Flo is an RN with a degree in Education Majoring in Public Health. In the past she has worked as an RN in Critical Care and also has taught in a community college. She has set up several Cardiac Rehabilitation Programs. She currently does Cardiology Research working with cardiology patients as they come through the hospital. She clearly sees the need for the public to understand how to lead a healthy life before getting sick.
Flo has an interest in good health and an advocate of bettering the environment we live in. Because of this, she became interested in the SBPC as one good way to give our citizens, our children, and wildlife a better chance in this world by advocating more open space as a start to cleaning up our environment.
Flo has volunteered many hours to the Wayfarers Chapel in PV. She was on the Board of Directors for the Chapel for seven years. During that time, she attended many Palos Verdes City council meetings to convince the council that Wayfarers should be allowed to rebuild their Visitors Center in the northern most location instead of the southern most area where the land had slipped down the hill causing the old VC to be condemned by the city. She subscribes to the Wayfarers philosophy that the beauty of nature celebrates the presence of God in all things; therefore all of nature has its place on this earth & must be taken care of.
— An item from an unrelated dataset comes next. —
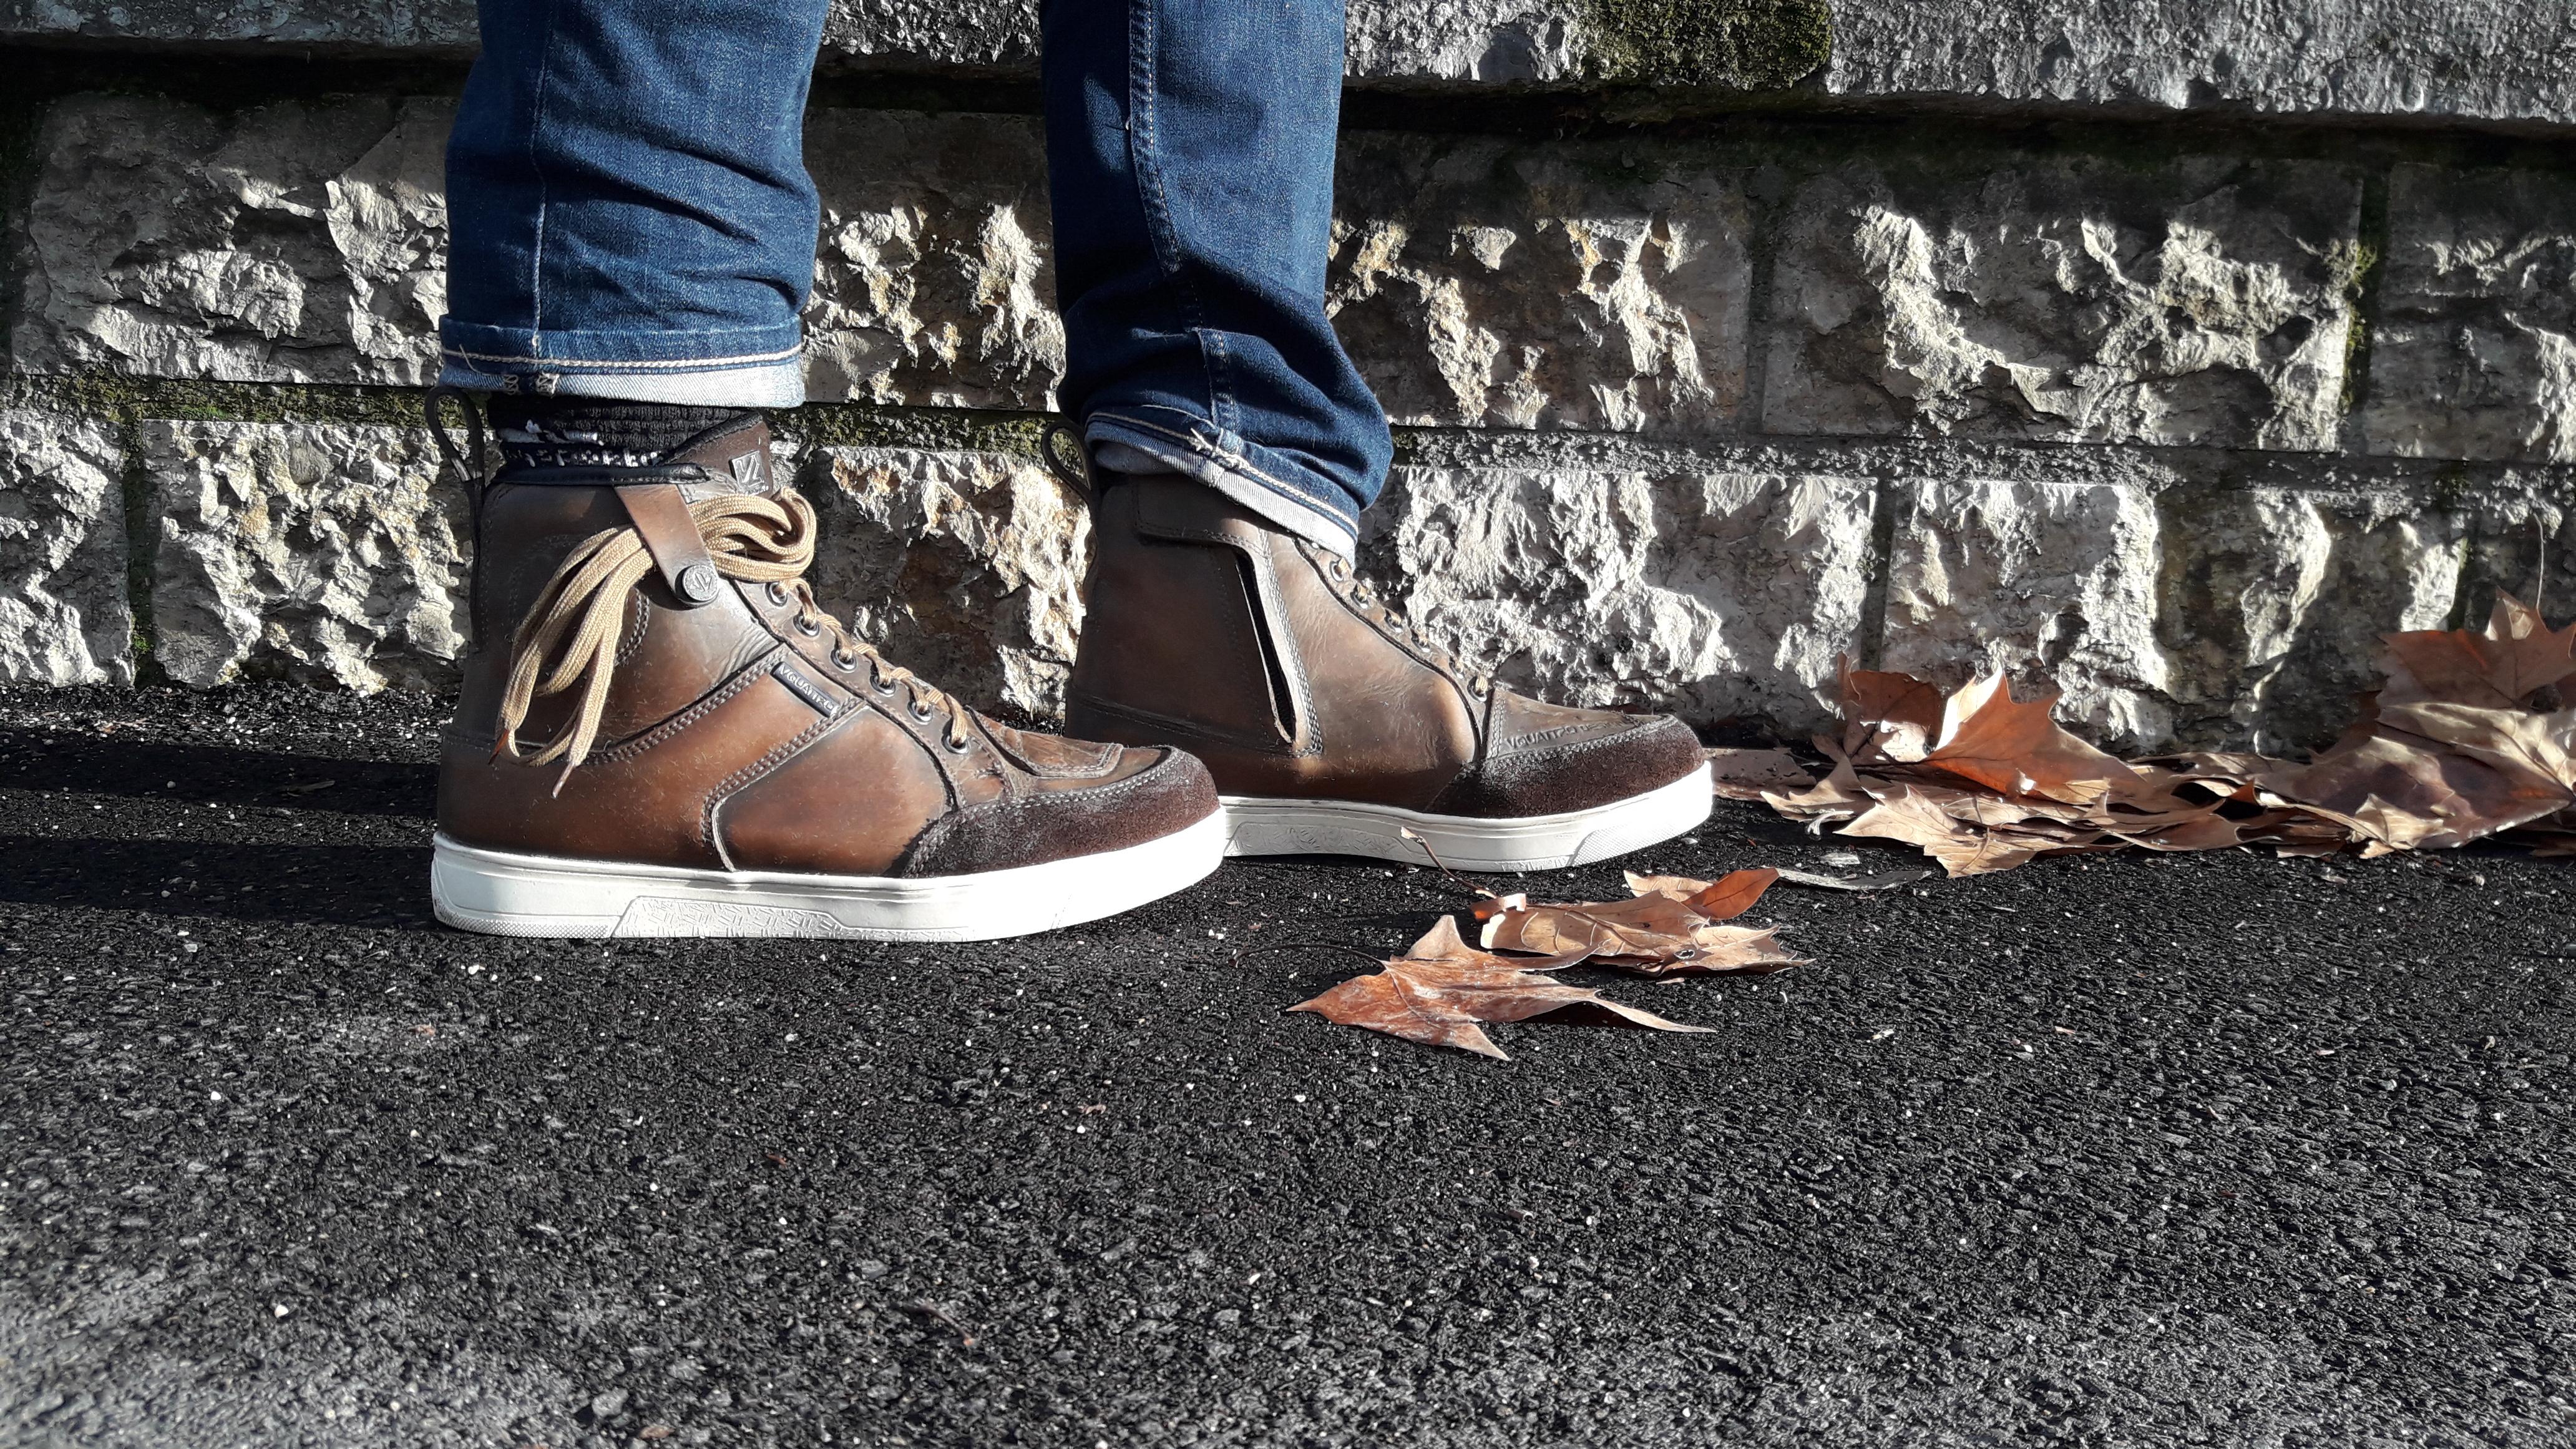 Chaussures V Quattro X-Urban : des chaussures urbaines

She has been an avid tennis and volleyball player as well as cyclist & skier. She loves the out of doors and has done a lot of camping in our great national parks. She is a member of several Ski and Tennis clubs as well as the Sierra Club. She supports several organizations that advocate preserving our environment, such as Rails to Trails, The National Park Foundation and the National Wildlife Federation. 
Charlie Szymanski - Board Member
Charlie Szymanski is a founding Director of the SBPC. He first moved to Redondo Beach Council District 1 from Torrance in 1982. After a few years away he returned two blocks away in District 2 with his wife, Kathy, Jesse, their 3 year old daughter, and Ava, a new addition in 2005.
His motivation to be involved in SBPC is his hope to take the family bird watching and running in the park across the street from our beautiful marina.
As a daily runner, Charlie sees the city from Herondo St. to Miramar virtually every day, and then views the city from 190th St. to Rosecrans Blvd. virtually every day in support of his software design and development business. He is a USC graduate in Finance and Marketing and believes the Heart Park legacy will survive a hundred years, if we give it a chance. Charlie feels that coastal resource that survives us for our children and theirs is the single most important civic decision any current resident or civic worker will make. 
Jim Vaught - Board Member
Jim Vaught is a founding Director of the SBPC. Jim is a California native who has lived in the LA area since 1976 and in the South Bay since 1994; he and wife Rosemarie now reside in Rancho Palos Verdes. He is the father of three grown children and an engineer who enjoys the clean outdoors playing beach volleyball, bike riding, hiking, bird watching and fishing.
Jim's first major community project in was to help break ground for a schoolhouse and community center in Birdsprings, Arizona in the heart of the Navajo Reservation. The project, begun in 1976 has successfully preserved the Navajo heritage which was near extinction because the children were intently taken off the reservation and put in western style boarding schools for many generations. Today, Birdsprings now has its own thriving School District.
Jim decided to become a founding Director of the SBPC to restore a part of Redondo Beach's real heritage when the Chowinga Indians inhabited the area surrounding the natural salt pond that used to exist on the current AES Power Plan site. Jim believes the park development and partial salt pond restoration will greatly improve the quality of his life and of his fellow community members through open space and natural rain water runoff percolation.